If the guitar they're attached to sings, I don't care much what the board is made of.


----------



## Woof (Jan 13, 2010)

I prefer ebony except I think strats and teles should be maple. I'm pretty sure that most of mine are rosewood


----------



## Maxer (Apr 20, 2007)

I don't have a preference. I'd say maple because I like the look and feel, except most of my guitars are rosewood. I guess that means I don't play favourites. Ebony looks and feels very nice but I only have one guitar with an ebony board. That said, I love the look of maple on Fenders, and most of my Godins are maple/maple too. I'd hate to have only one choice, truth be told.


----------



## sulphur (Jun 2, 2011)

I don't know why, but I've always liked the look of rosewood.
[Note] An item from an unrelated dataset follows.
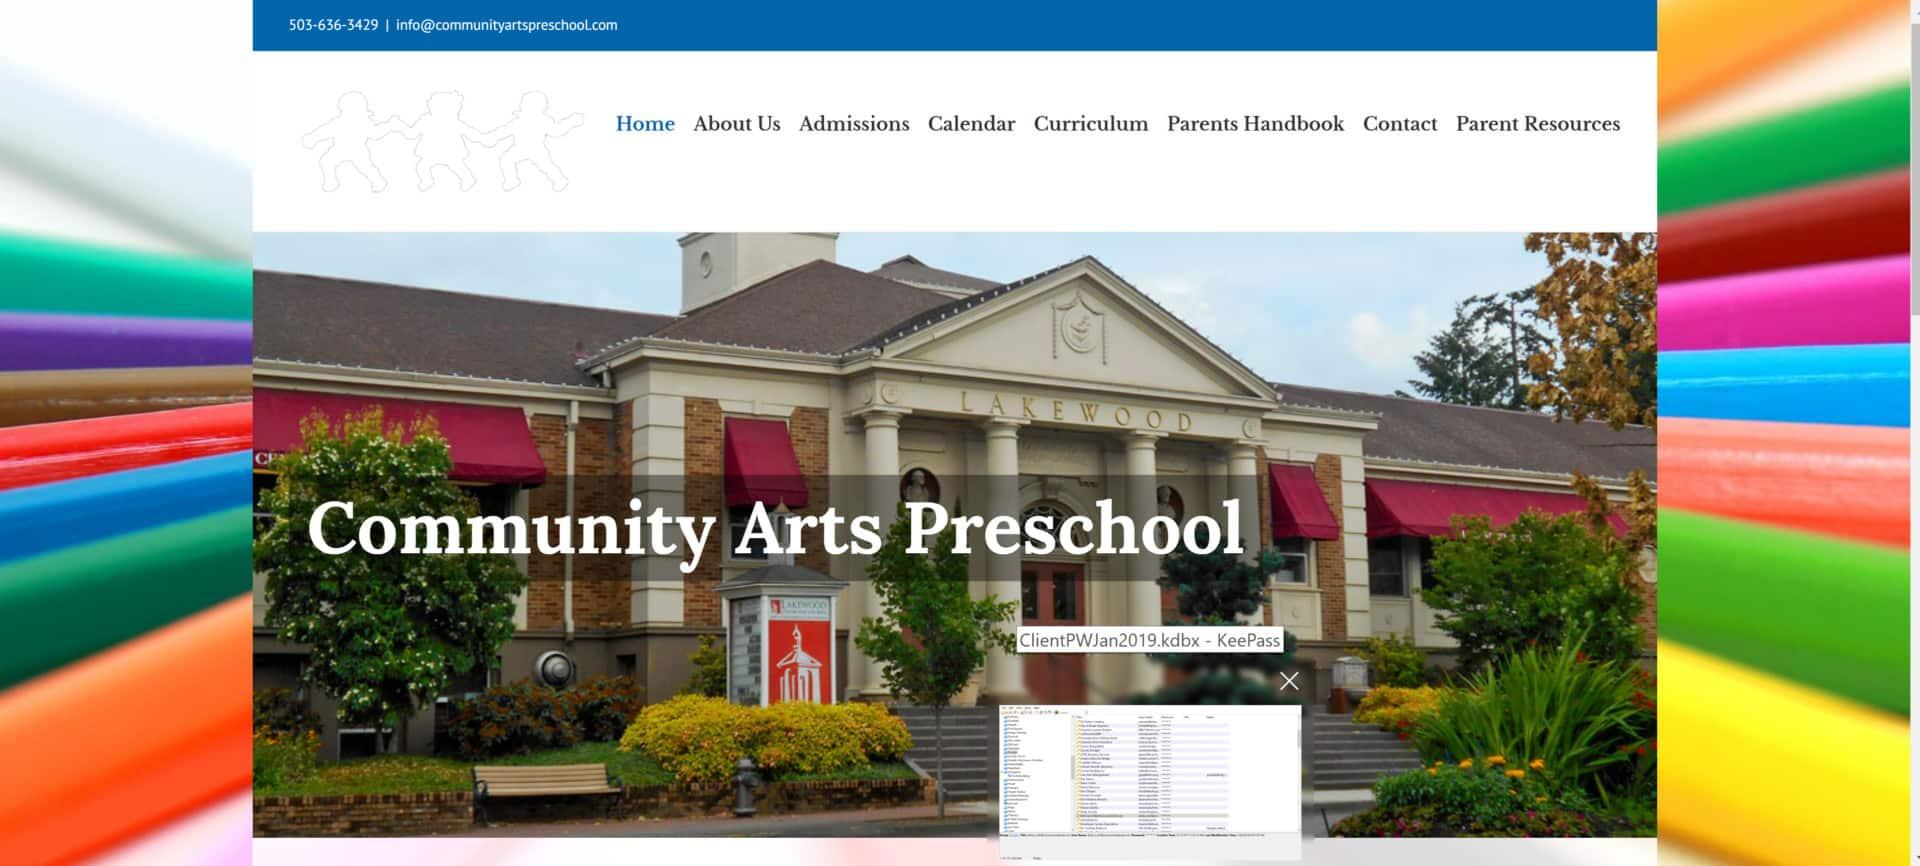 Community Arts Preschool

I have guitars with maple boards too, but RW would be my choice.
I don't even know if I have, or tried a guitar with an ebony board.


----------



## Accept2 (Jan 1, 2006)

Alternative man-made materials...........


----------



## Robert1950 (Jan 21, 2006)

Ooooooo. That's a tough one. I like maple on my strat and rosewood on the others. Never really given ebony a good try so I'll have to pass on a choice.


----------



## Mooh (Mar 7, 2007)

Ebony on acoustics, rosewood on electrics. No reason, just because. I do have a couple of maple electrics, and some rosewood acoustic instruments (an acoustic or two, mandolins, banjos, etc) so I'm not very biased. If an instrument "speaks to me", it doesn't matter the wood.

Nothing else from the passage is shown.